Walgreens will pay over $2.85 million to settle allegations that it overbilled Medicaid programs in Georgia and Massachusetts. This settlement with the U.S. Department of Justice comes as the pharmacy giant is grappling with various financial challenges. The allegations, which cover a period from 2008 to 2023, involve claims that Walgreens submitted inflated prices for generic medications, resulting in undue payments from state Medicaid programs.
End of an Era
Just three weeks after its acquisition by Sycamore Partners, Walgreens Boots Alliance is preparing to leave the stock market, a platform it has graced for nearly a century. The acquisition, valued at $10 billion, signifies the conclusion of Walgreens' long-standing public trading history.
Over the past decade, Walgreens has seen its market value tumble from an impressive near $100 billion to just over $9 billion. This decline can be attributed to the shrinking margins on drug prices and stiff competition from retail giants such as Amazon and Walmart. Additionally, Walgreens recently settled with Everly Health Solutions for $595 million over a contract dispute concerning COVID-19 testing services.
Recent Struggles
Walgreens' history dates back to 1901 when Charles R. Walgreen Sr. founded the first store. By 1926, the company had expanded to 100 stores and went public in 1927. Through the 20th century, Walgreens continued to innovate, introducing self-service stores in the 1950s and launching an online pharmacy in 1999. The 2014 merger with Alliance Boots marked the creation of Walgreens Boots Alliance, establishing a global presence in health and beauty.
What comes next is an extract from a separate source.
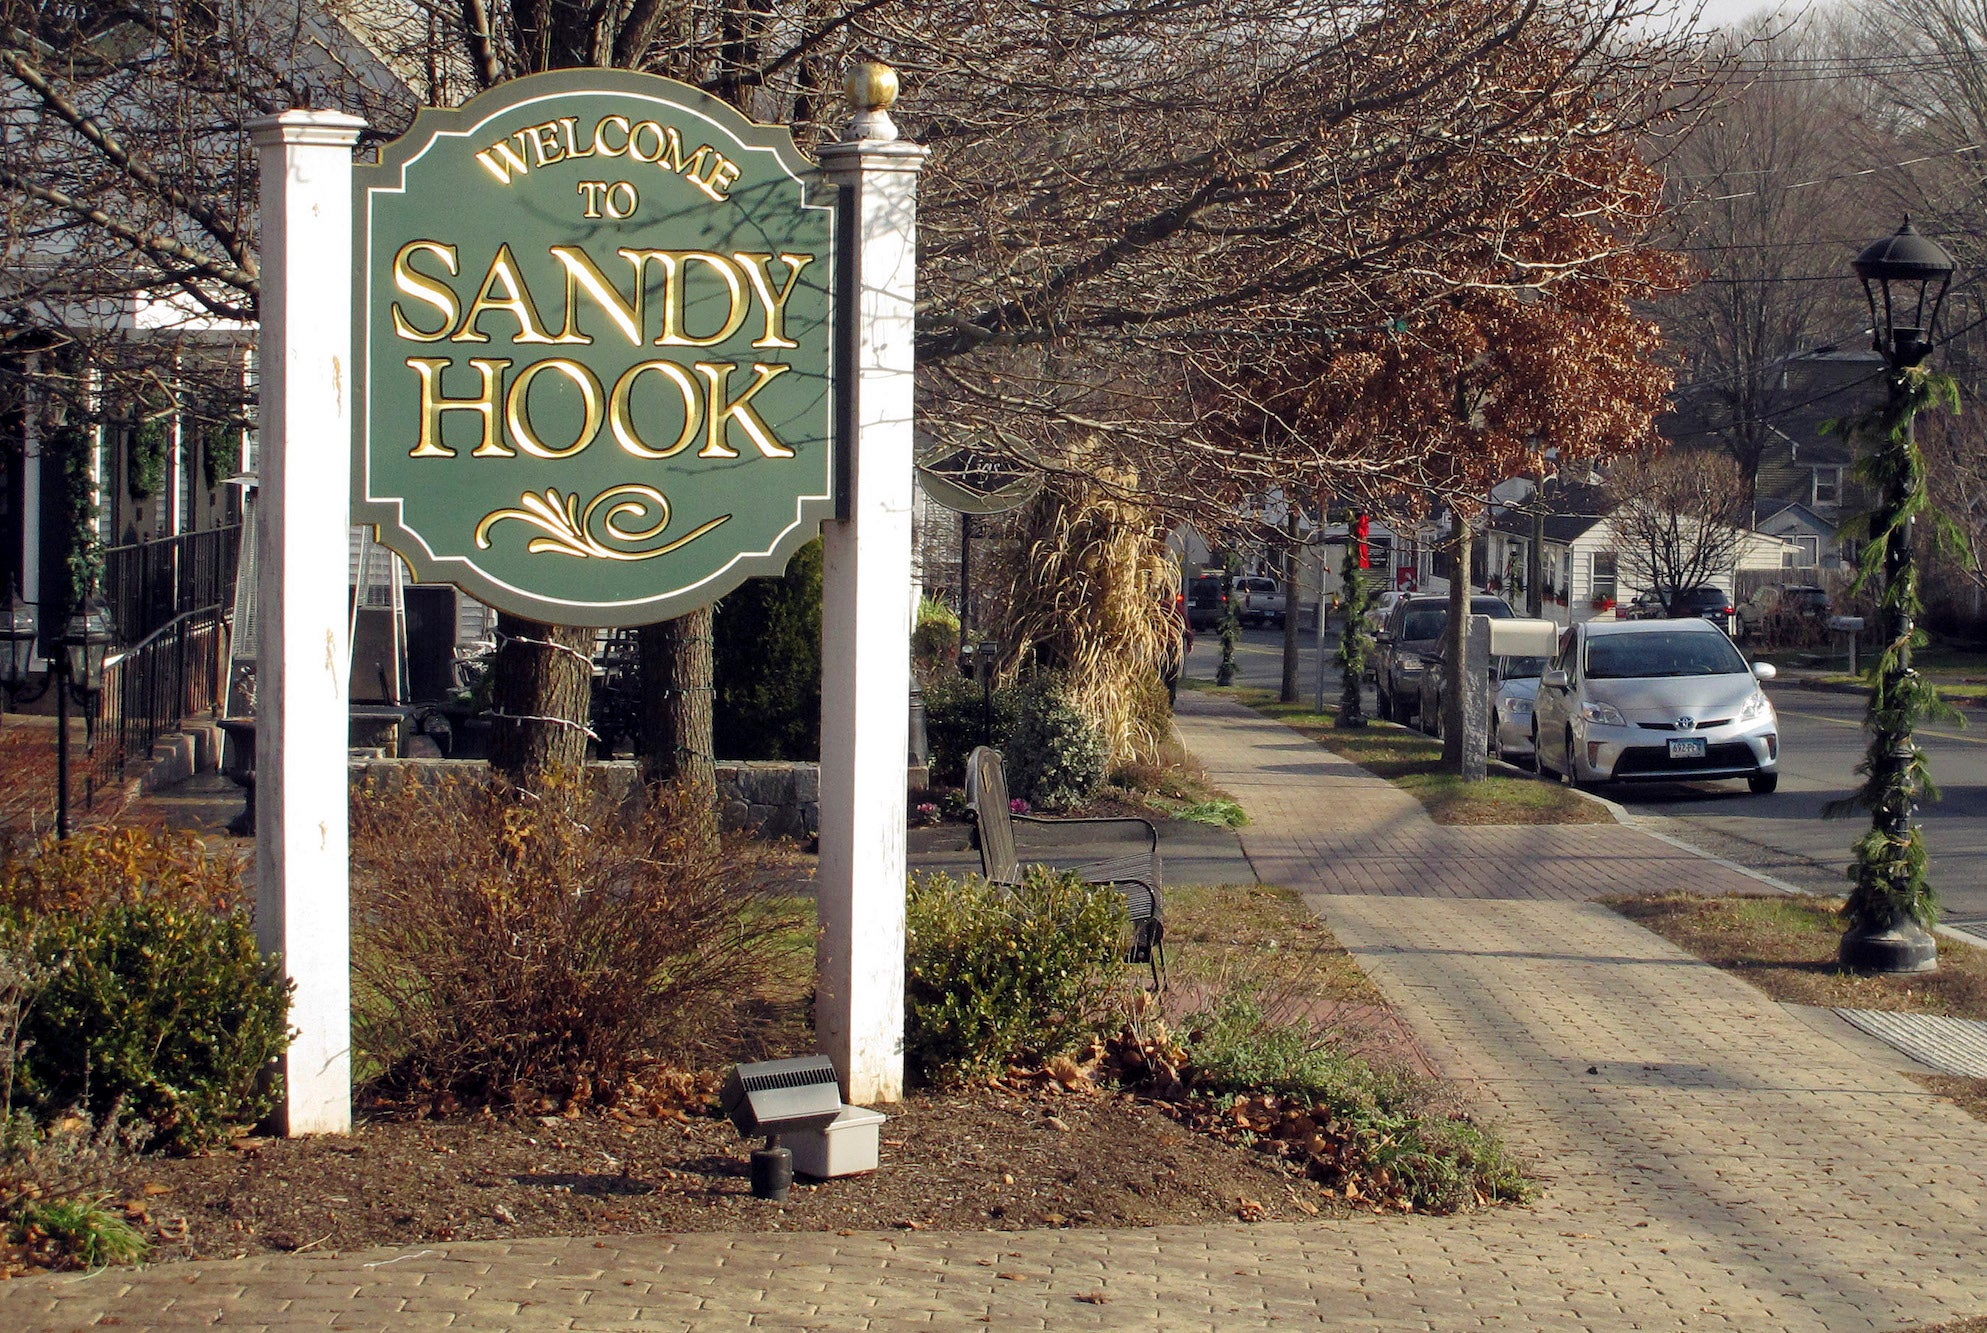 The 2012 shooting at Sandy Hook Elementary left 26 dead, including 20 children.

The recent years have not been kind to Walgreens, with the company facing a myriad of challenges. It scrapped a proposed acquisition of Rite Aid in 2017 and was removed from the Dow Jones Industrial Average in 2024, with Amazon taking its place. In response to financial pressures, Walgreens has initiated cost-cutting measures, including the closure of 1,200 stores over the next three years and a reduction of its dividend payout by half to preserve cash.
As Sycamore Partners takes the helm, Walgreens aims to address its financial difficulties out of the public spotlight. This transition marks a pivotal moment for the company, which now must focus on reinventing itself.